Mr. Orcutt recalled they left the house thinking they’d be back. But they didn’t return for a month. All the families from the base were rounded up and moved to another location.
That night, Mr. Orcutt remembers piling into the same kind of army personnel transport truck that he had ridden every day to school. But this time the back of the truck was covered with canvas, shielded from the night and any possible attackers. Even the truck lights were shielded.
“Late at night we were evacuated from the base and taken to Honolulu. I am a 12-year-old kid. I got to be nosing around. I made sure that when I sat in the truck I was at the tailgate, sitting on the wooden bench, so I could look back,” he recalled. “I kept peeking out as we were driven. Now, as we go by Pearl Harbor again, you’ve seen the pictures with the Arizona and all those ships burning. That is what I saw. I saw the smoke going up. They were silhouetted in the night. This must have been around nine or ten o’clock at night. But you lose all sense of time.”
Mr. Orcutt remembers the uncertainty and confusion that followed the attack.
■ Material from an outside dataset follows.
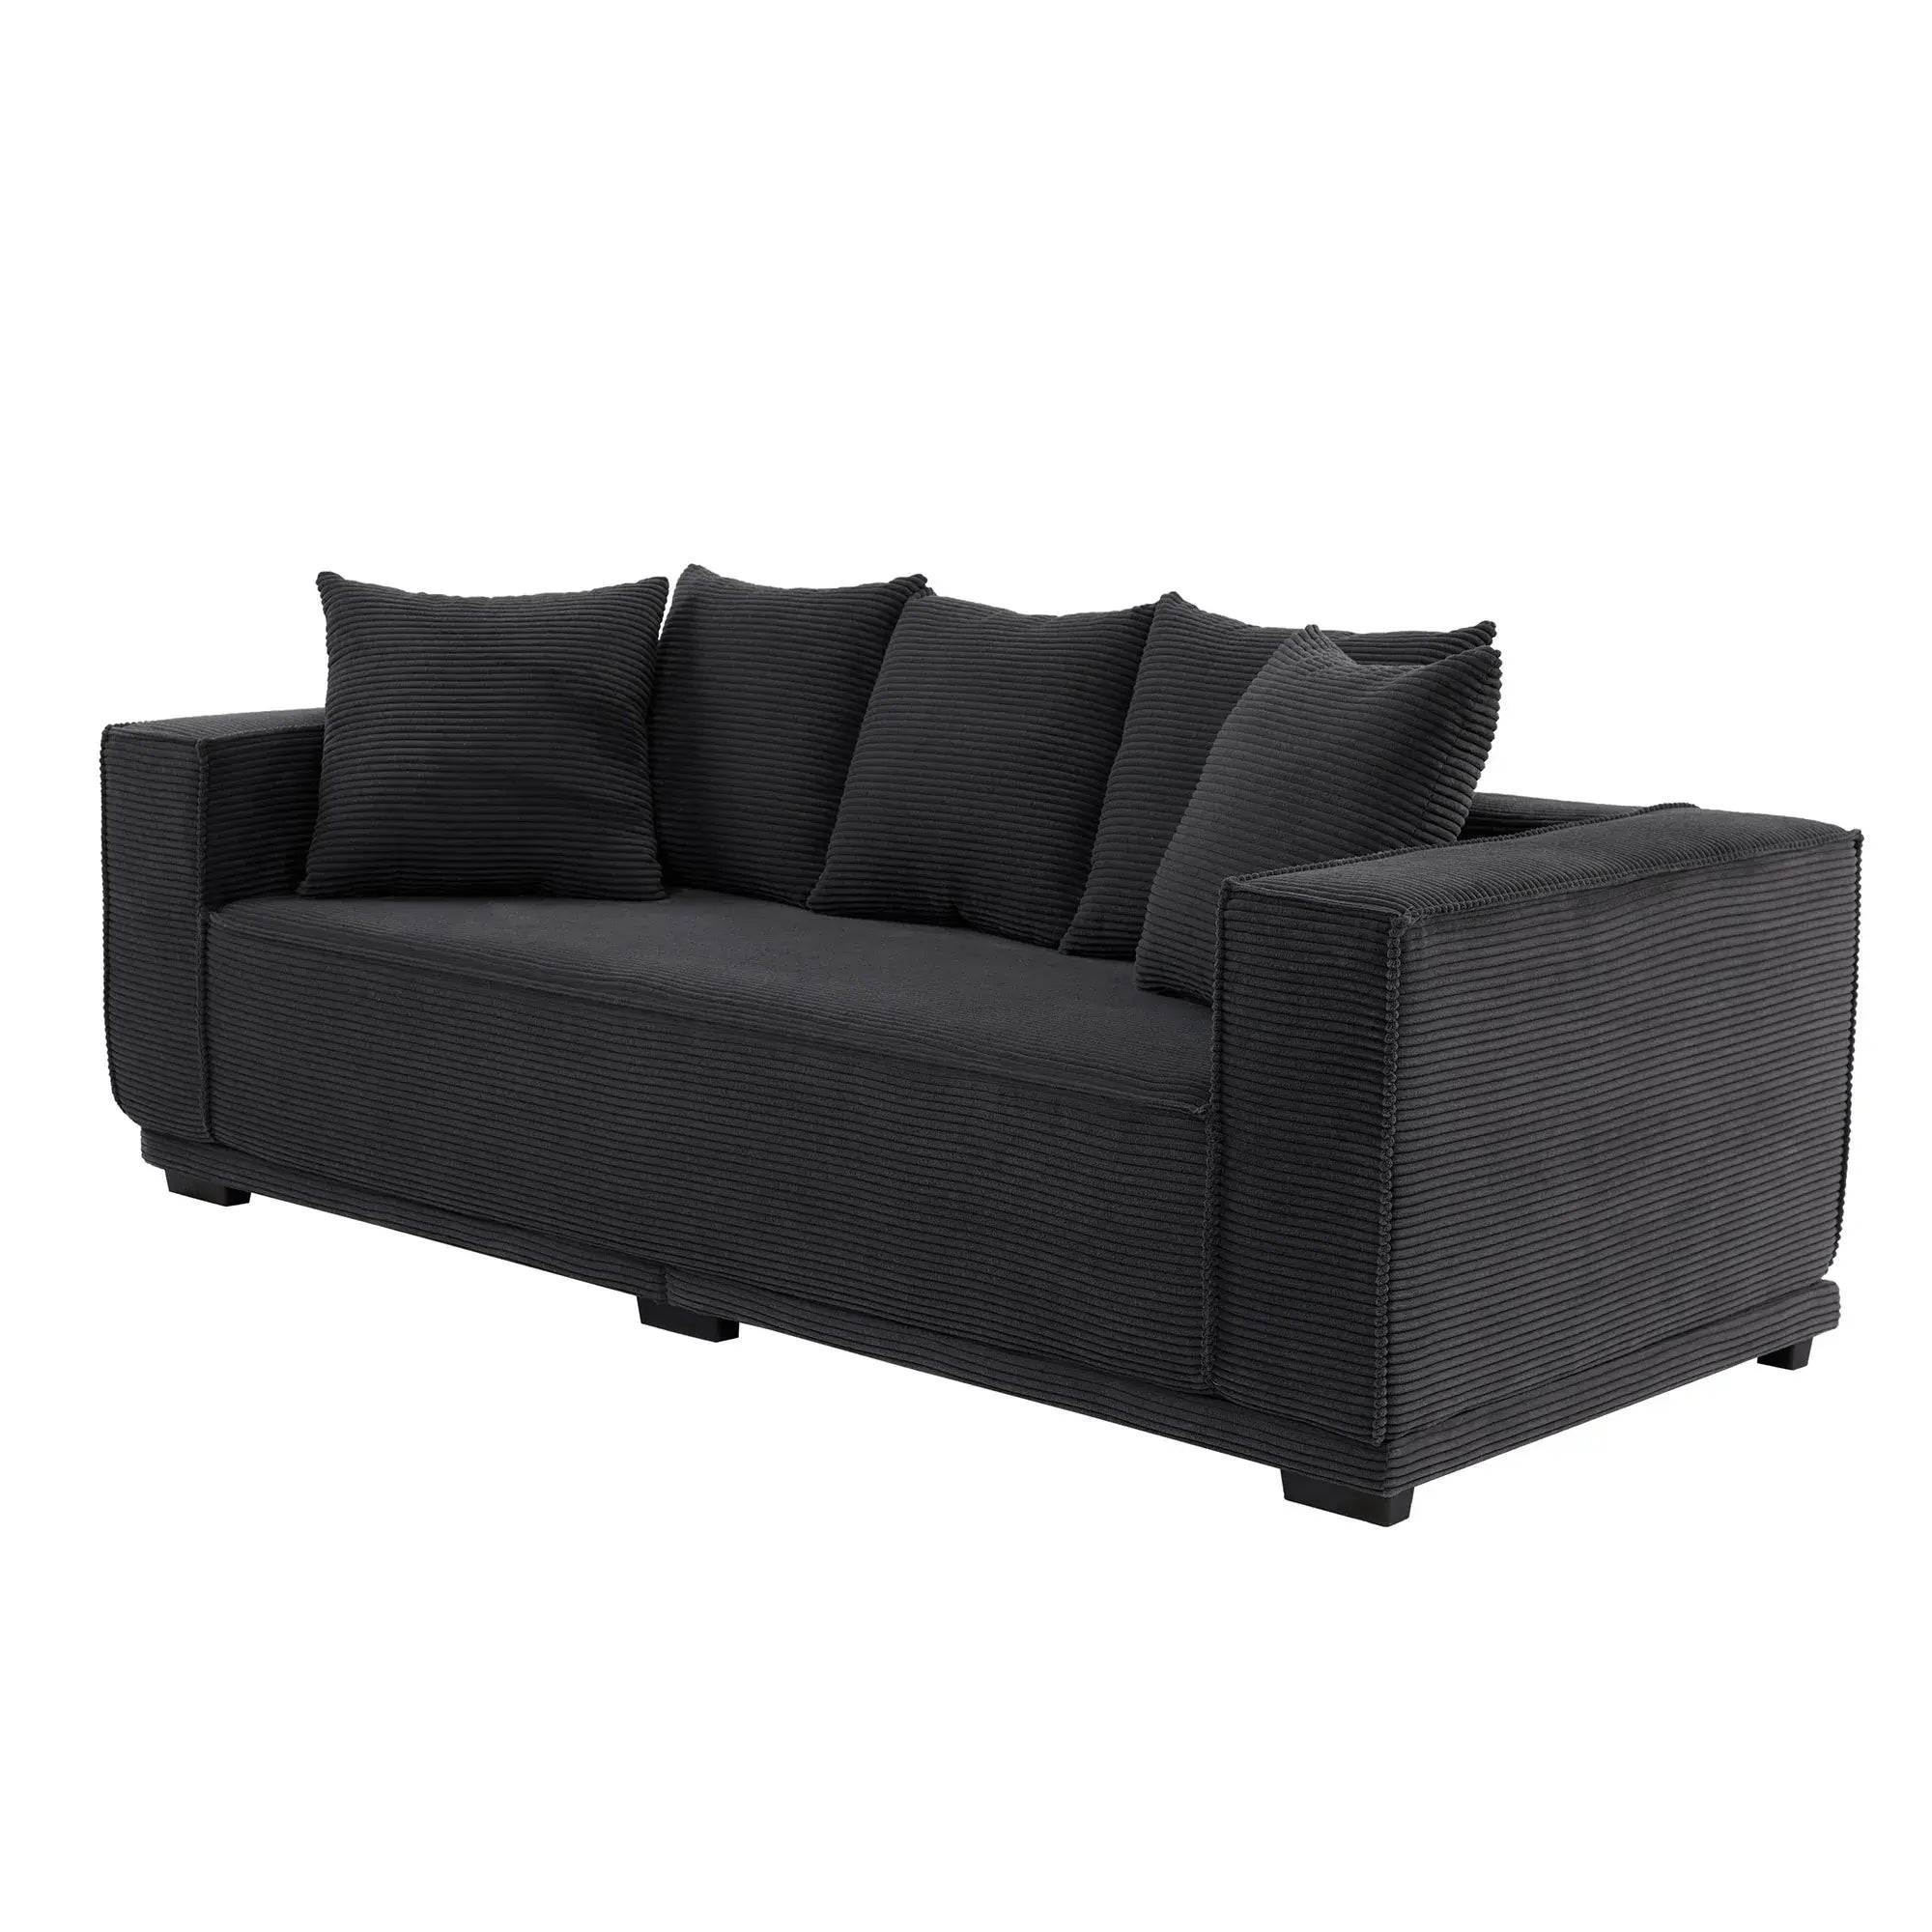 Louie Modern Corduroy Sofa, 3-Seater Couch for Living Room, Bedroom, Apartment in Black

In those days there was no CNN news coverage, and certainly nothing like the hour-to-hour coverage that was given to the Sept. 11 attacks or to last weekend’s terrorism attack in Mumbai, India.
“My father worried paratroopers were coming in, that they would bombard the town,” Mr. Orcutt said. “There were rumors every day. The Japs were parachuting into Honolulu. Yet there was nothing. It was all foolish,” he said.
A month later his family was allowed to return to their home at Schofield Barracks. When they got there, Mr. Orcutt remembers his mother. “When she opened the refrigerator door, I thought my mother was going to die. Everything inside was rotten. I remember trying to help my mother wash out the refrigerator.”
After that the Orcutt family moved to San Francisco and then to New Bedford, while his father stayed behind. Mr. Orcutt seldom saw his father during the war.
His older brother John served in the Army during the Normandy invasion and was awarded a bronze star and two purple hearts.
Mr. Orcutt joined the Air Force at the age of 22, after college, during the Korean War. He worked as a radar mechanic in Mississippi and in Europe.
He is reluctant to talk about his Pearl Harbor memories, preferring to defer to others who served in the war.
His father retired after 34 years in the military. Mr. Orcutt, who turns 80 this month, has no mementos from the seven months he lived in Hawaii, just his memories. He said he has never wanted to go back.
He has lived on the Vineyard for 42 years; he came here because he married an Islander, Bernice Wells, on Independence Day in 1951.
They moved to the Island in 1965 when he took a position as director of the Martha’s Vineyard Youth Center. He did the job for two years, and then worked as a carpenter, at the Martha’s Vineyard Airport and at the Martha’s Vineyard Shipyard. Mrs. Orcutt worked at the Martha’s Vineyard Hospital as a nurse. They raised four sons.
He said he prefers to look past the Pearl Harbor experience where over 2,000 people were killed and another 1,000 injured, and a nation went to war.
“You look up and you see them firing away. It is done. It is over. I made it. Let us move on,” he said.